AI is a fast track to average.

It will get you a working version, a competent draft, a solution that’s genuinely fine, better than most people could produce alone, and faster than anyone could produce it before. But average is where it drops you off. The distance from average to excellent is exactly the distance it can’t cover for you, because excellence is made of judgment, taste, correctness, and care. None of that was ever really about typing. The floor came up dramatically. The ceiling didn’t move at all. And now that everyone is standing on the same raised floor, the only thing that distinguishes anything is how far above it you’re willing to climb. That climb is still, entirely, our responsibility.

the ceiling (excellent, unchanged) where you start the climb Before average, instantly ← your job now With AI
fig. 2 · the floor came up. the ceiling didn't move.

This is also where those software engineering principles come back, not as relics but as the thing that now matters most. The prototype that comes together in an evening runs once, beautifully, while I’m watching. Getting it to run unattended at 3am, when the API goes down or a data source silently changes its format, when a race condition only shows up under load, that’s still craft. AI writes code that runs. It does not reliably write code that’s correct, secure, maintainable, and architected to survive contact with reality. The principles didn’t become worthless when the typing got cheap. They became the difference between a demo and something you can actually depend on. That gap is wider than the hype admits, and it’s made almost entirely of the engineering judgment AI hands back to you.

There’s a third thing, too: distribution. When everyone can ship, shipping stops being the differentiator. If building a thing drops to near zero for you, it drops to near zero for everyone with the same spark. The moat was never the code, and it was rarely even the idea. It’s whether anyone cares, whether they can find you, whether they trust the thing enough to depend on it. That was always true. AI just made it impossible to hide from.

How to actually work now

If the wall is down, the move is obvious and most people still don’t make it: bias hard toward the prototype. Stop debating ideas in the abstract. Build the ugly version and look at it. The cost of being wrong is now an afternoon, and an afternoon of being wrong teaches you more than a week of being theoretically right.

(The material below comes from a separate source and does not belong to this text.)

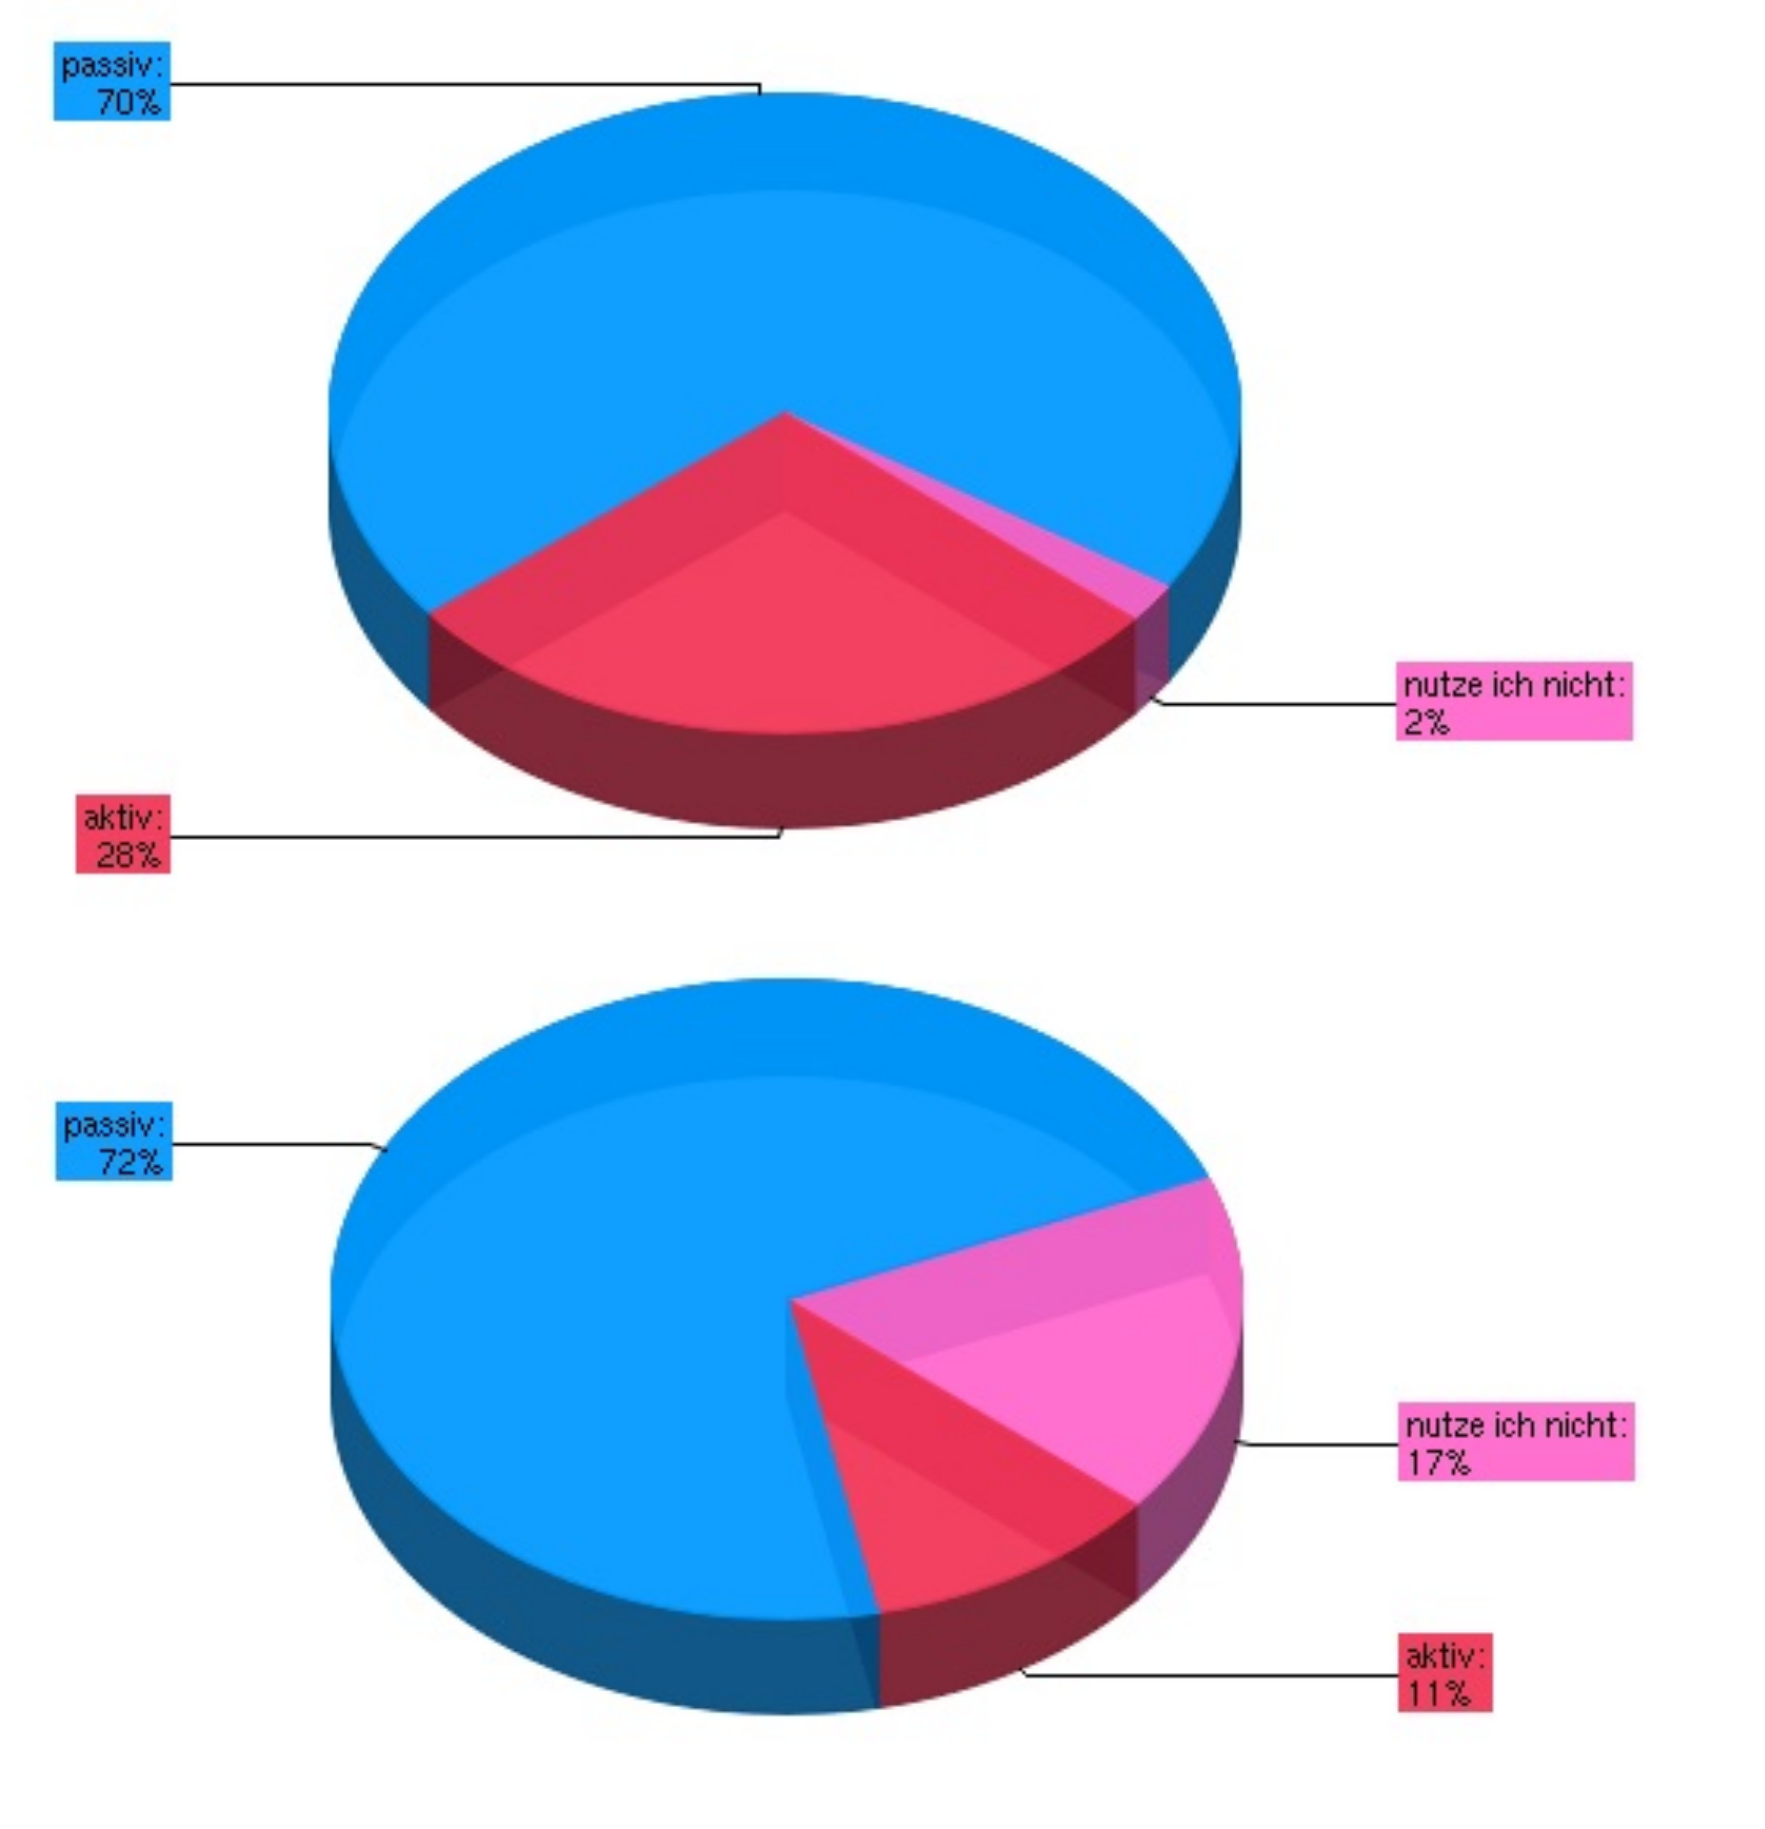 Aus der Umfrage: Anteile der aktiven und passiven Nutzung des Bereiches „Aktuelle Meldungen“ (oben) und „Forschung“ (unten)

Then spend your newly-freed time where it now matters. The hours you’re no longer pouring into boilerplate should go into the things AI didn’t make cheap: figuring out which spark is actually worth building, applying the engineering principles that turn “works in the demo” into “works when I’m asleep,” and dragging the thing from average (where AI left it) up toward excellent, where it has to earn its place.

The wall between an idea and a shipped thing is rubble now, and nobody should miss it. But don’t mistake the open ground for the finish line. The wall was never the hard part. It just stood in front of the hard part and let us pretend otherwise. Now there’s nothing between you and the real work: deciding what deserves to exist, making it correct, making it durable, making it matter.

AI will carry any idea to average at breathtaking speed, and it will carry your competitors’ ideas there just as fast. Everything past that point (the correctness, the excellence, the reasons anyone should care) still has to be climbed by hand.

The gap between having an idea and shipping something is gone. The gap between shipping something and shipping something excellent is still the whole game. And for the first time, there’s no wall left to blame.

A note: The views here are my own and don't represent my employer or anyone I work with. Everything I write is personal opinion, shared for general informational and educational purposes, and reflects my thinking at the time of writing. It is not professional, financial, legal, or investment advice. Please read posts in full rather than pulling lines out of context, and do your own research before acting on anything.